-------- Raw data
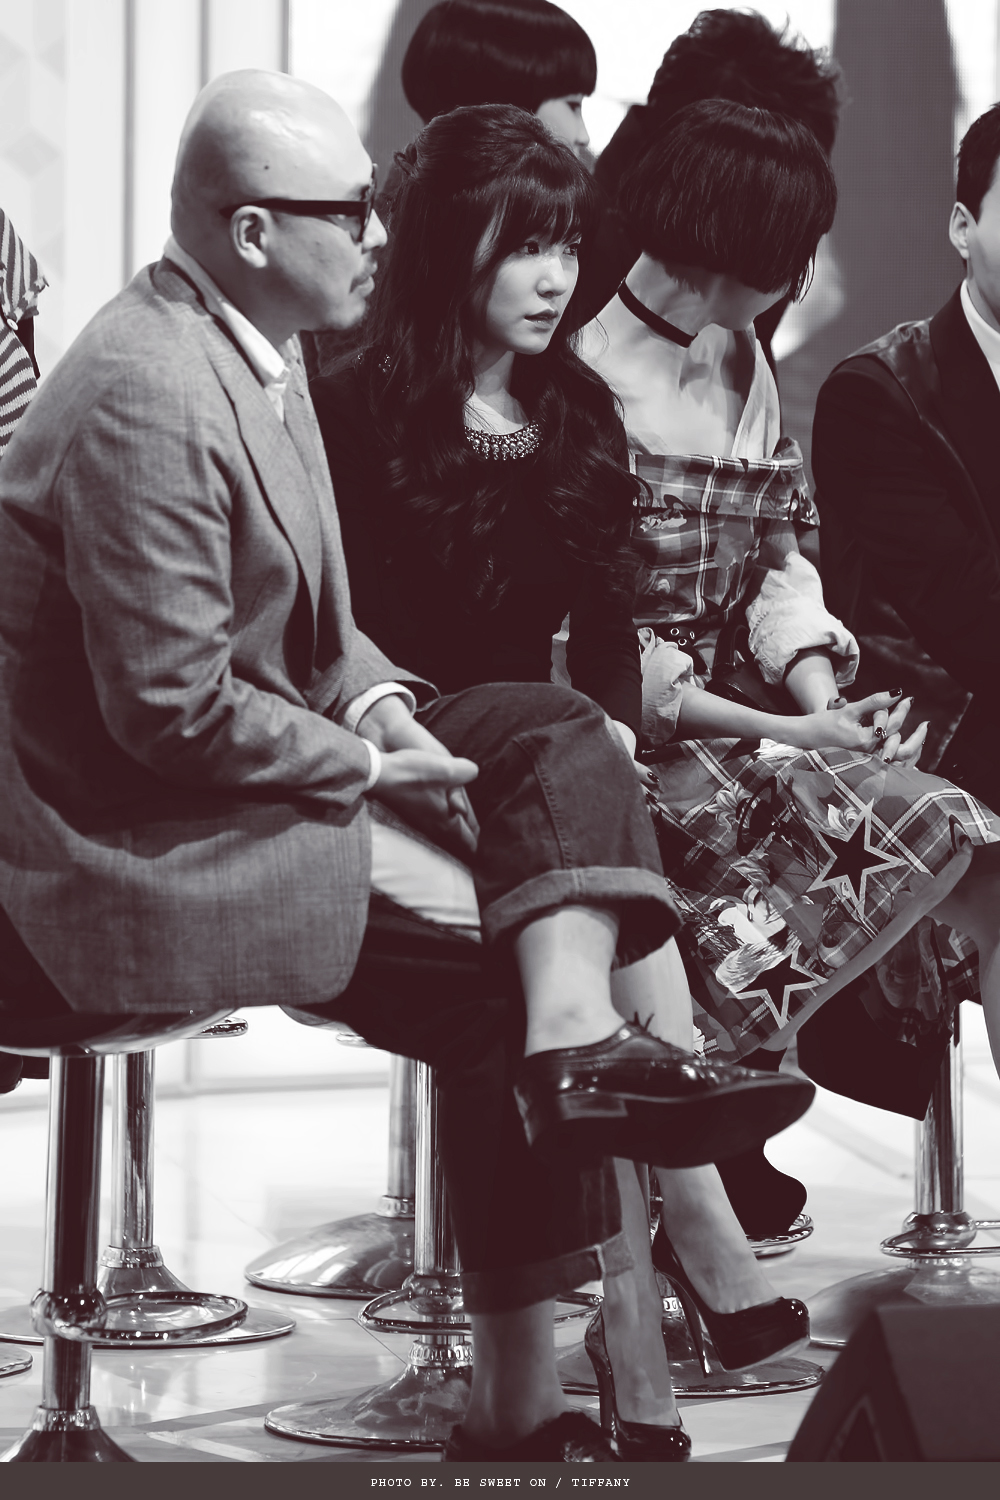 [PIC][16-10-2013]Tiffany xuất hiện tại buổi họp báo ra mắt chương trình "Fashion King Korea" vào trưa nay 217C6F4B526225683D57B6
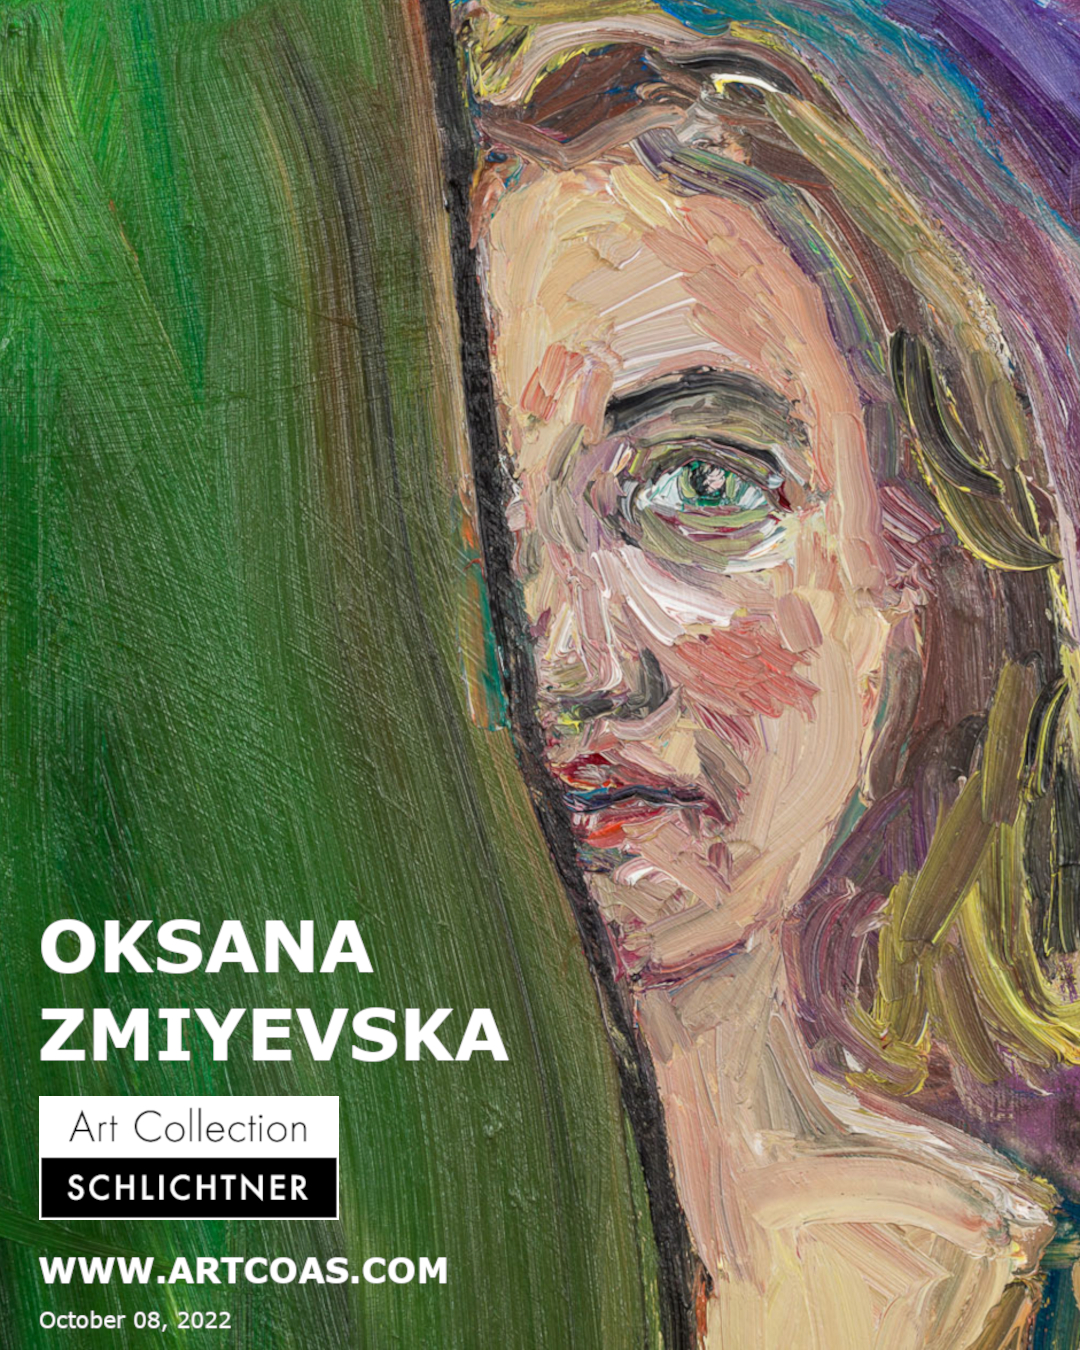 Oksana Zmiyevska  - online solo exhibition -  October 08, 2022
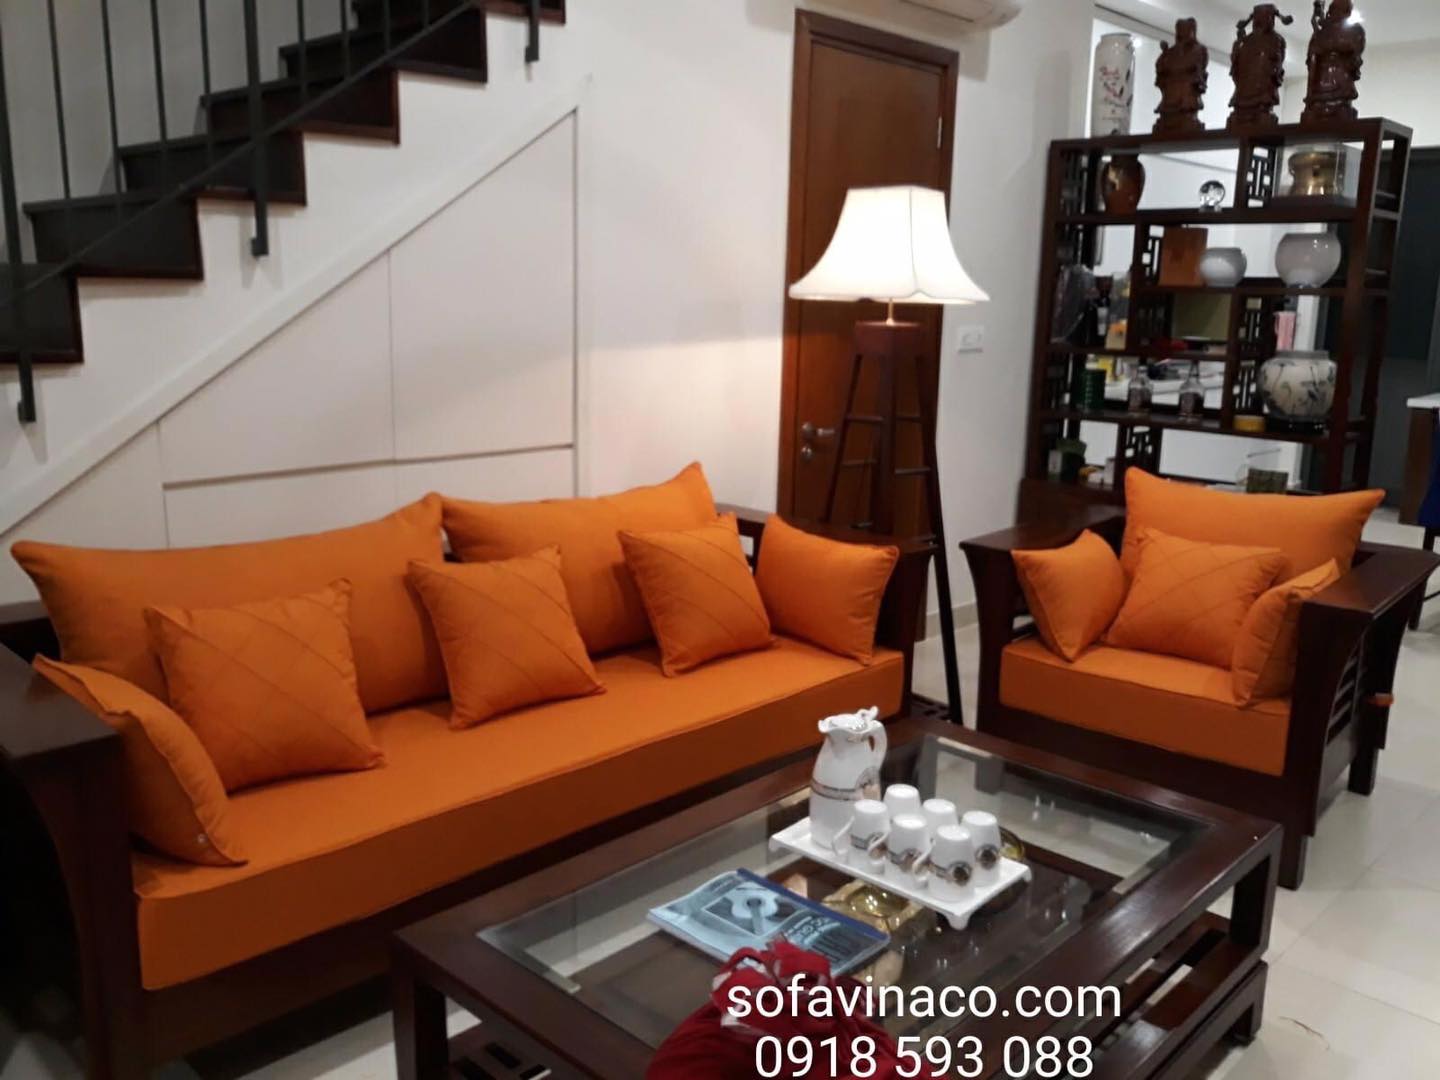 Bộ đệm ghế Grand Bois màu cam đẹp phù hợp với nền trắng tường
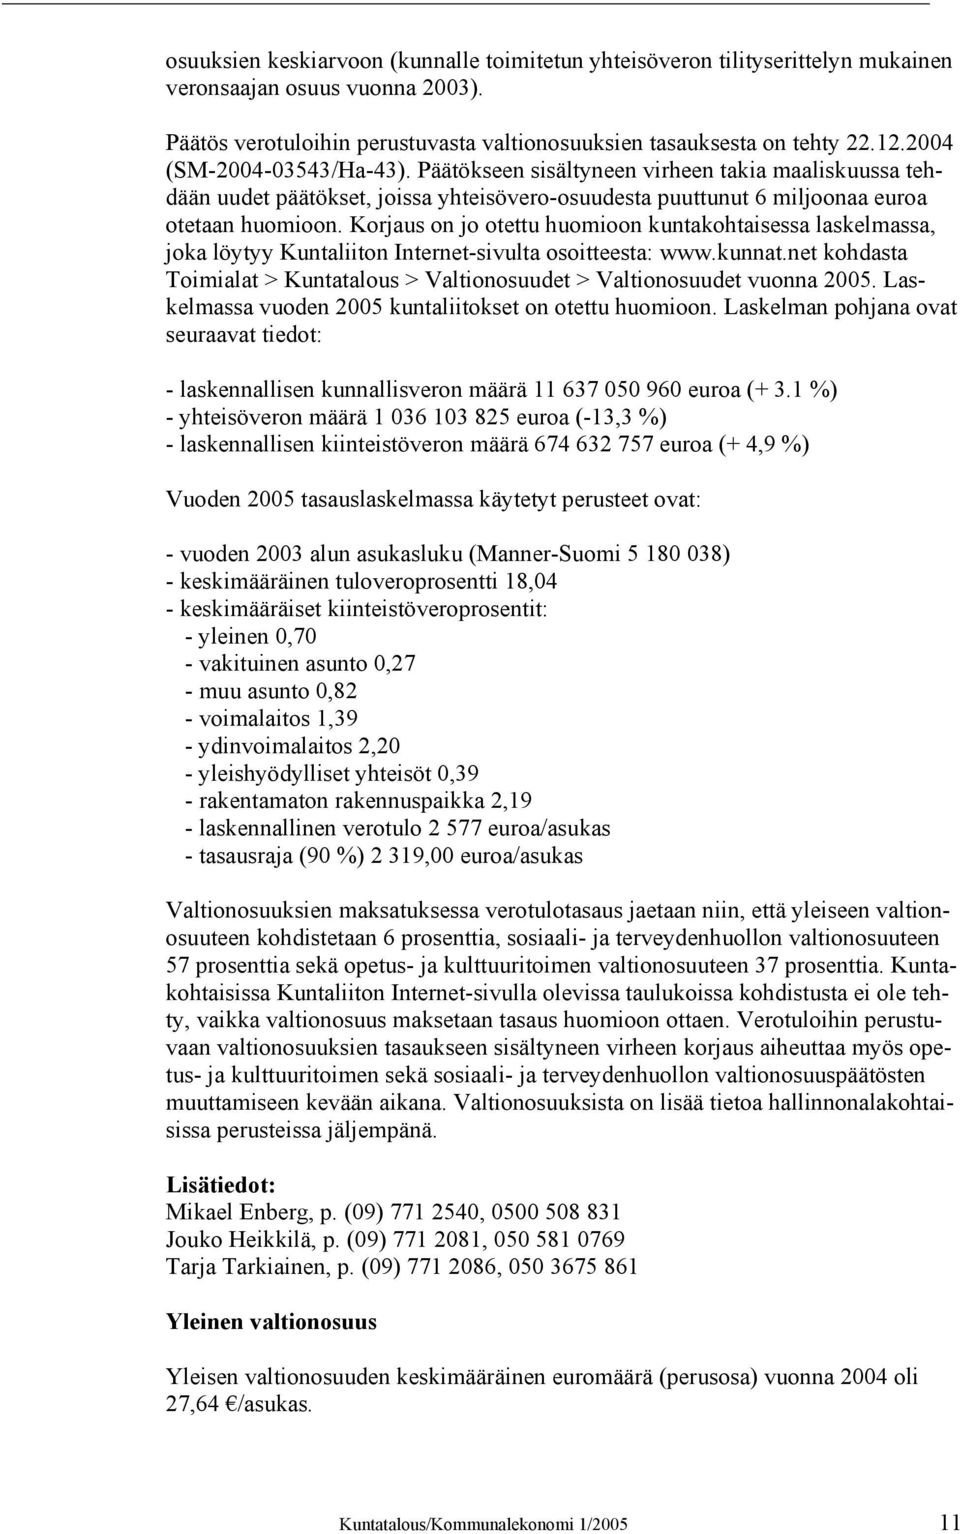 Korjaus on jo otettu huomioon kuntakohtaisessa laskelmassa, joka löytyy Kuntaliiton Internet-sivulta osoitteesta: www.kunnat.
----------------
- [Work item]: Return the listing verbatim, pictures omitted.

- [Output for this exercise]:
 [PIC][16-10-2013]Tiffany xuất hiện tại buổi họp báo ra mắt chương trình "Fashion King Korea" vào trưa nay 217C6F4B526225683D57B6
 Oksana Zmiyevska  - online solo exhibition -  October 08, 2022
 Bộ đệm ghế Grand Bois màu cam đẹp phù hợp với nền trắng tường
 Korjaus on jo otettu huomioon kuntakohtaisessa laskelmassa, joka löytyy Kuntaliiton Internet-sivulta osoitteesta: www.kunnat.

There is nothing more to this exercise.